DI GIULIANO SANTORO
jacobinitalia.it
London Calling quarant’anni dopo continua a ispirarci perché è un disco globale, che provincializza l’Europa e porta il rock’n’roll dove non era mai arrivato
Secondo la nota definizione di Italo Calvino, un classico si riconosce dal fatto che «non ha mai finito di dire quello che ha da dire». Più precisamente, argomenta Calvino passando in rassegna alcune delle caratteristiche dei classici, ci troviamo di fronte a un classico quando ci accorgiamo che tende a relegare l’attualità a rumore di fondo ma al tempo stesso continua a sprigionare una potenza tale che con quel rumore di fondo non può fare a meno di interagire. London Calling, il terzo disco dei Clash che oggi compie quarant’anni, può definirsi un classico esattamente per questo: si staglia come pietra miliare ma offre continuamente chiavi di lettura, punti di vista, sguardi sul contemporaneo. È un disco che continua a risuonare nelle nostre esistenze quotidiane.

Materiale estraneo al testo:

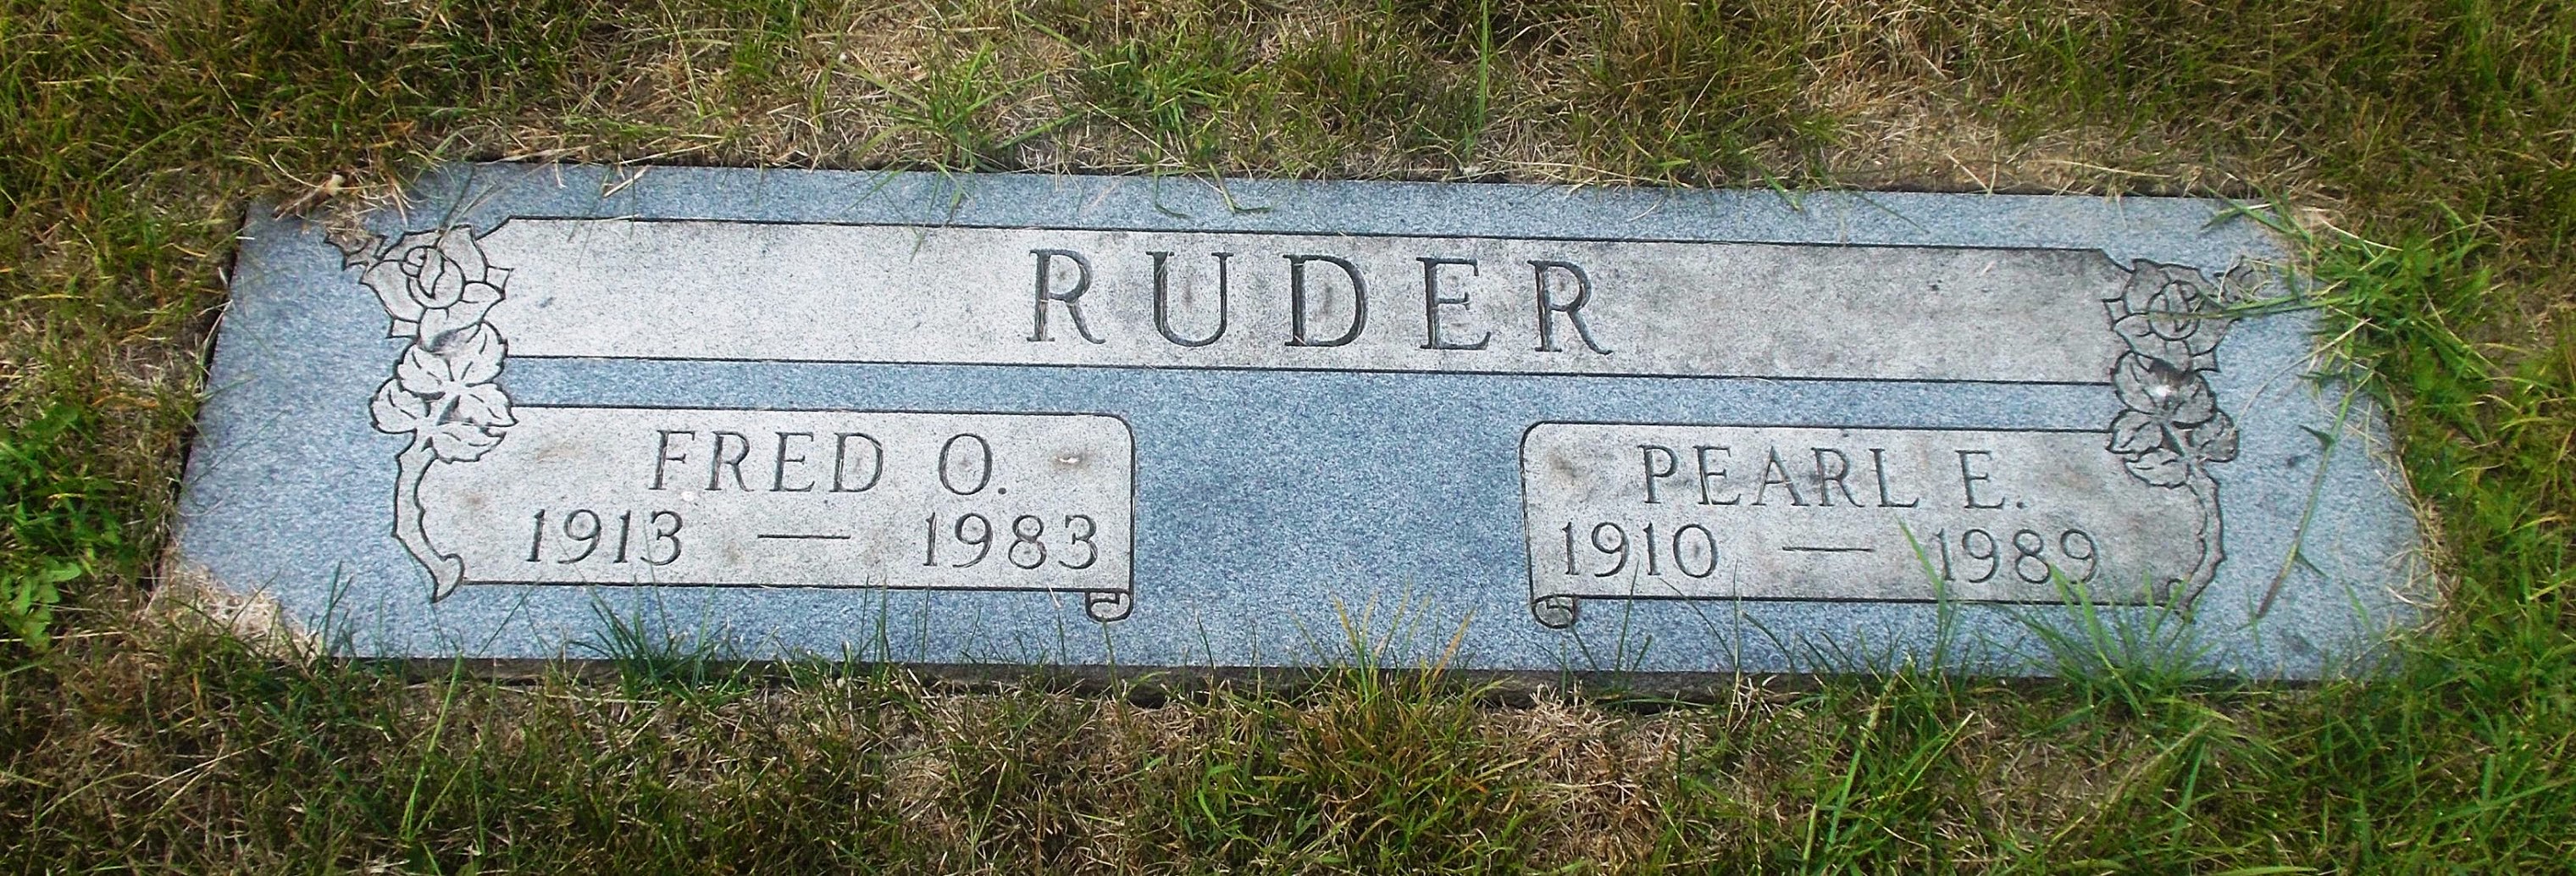 Fred O Ruder

È l’inizio dell’estate del 1979, siamo a Londra. Lungo Causton Street, non lontano da Westminster, c’è un terreno adibito a campo da calcio. Ogni giorno si presenta un gruppetto di ventenni a giocare a pallone. Sono i Clash con la loro crew. Joe Strummer, voce e chitarra ritmica, non è dotatissimo tecnicamente ma per compensare corre come un pazzo ed è molto generoso. Mick Jones, chitarra solista e spesso cantante, ha buoni numeri ma tende a strafare quando ha la palla al piede. Il bassista rude boy Paul Simonon è poco attrezzato dal punto di vista tecnico oltre che fallosissimo. Topper Headon, il batterista, è un virtuoso, uno di quelli che fanno la differenza. I quattro giocano assieme ai ragazzi del loro entourage. Ogni giorno, dopo un’ora di sgroppate polverose, ritornano sudatissimi in sala di registrazione al Vanilla Studios, un magazzino di un palazzo che oggi non esiste più, è stato demolito. Stanno lavorando a London Calling, il primo disco di rock’n’roll globale della storia della musica, un album che non si limita a tracciare nessi tra luoghi diversi, linguaggi plurimi e sonorità differenti ma che ricombina i rapporti tra centro e periferia, tra sud e nord.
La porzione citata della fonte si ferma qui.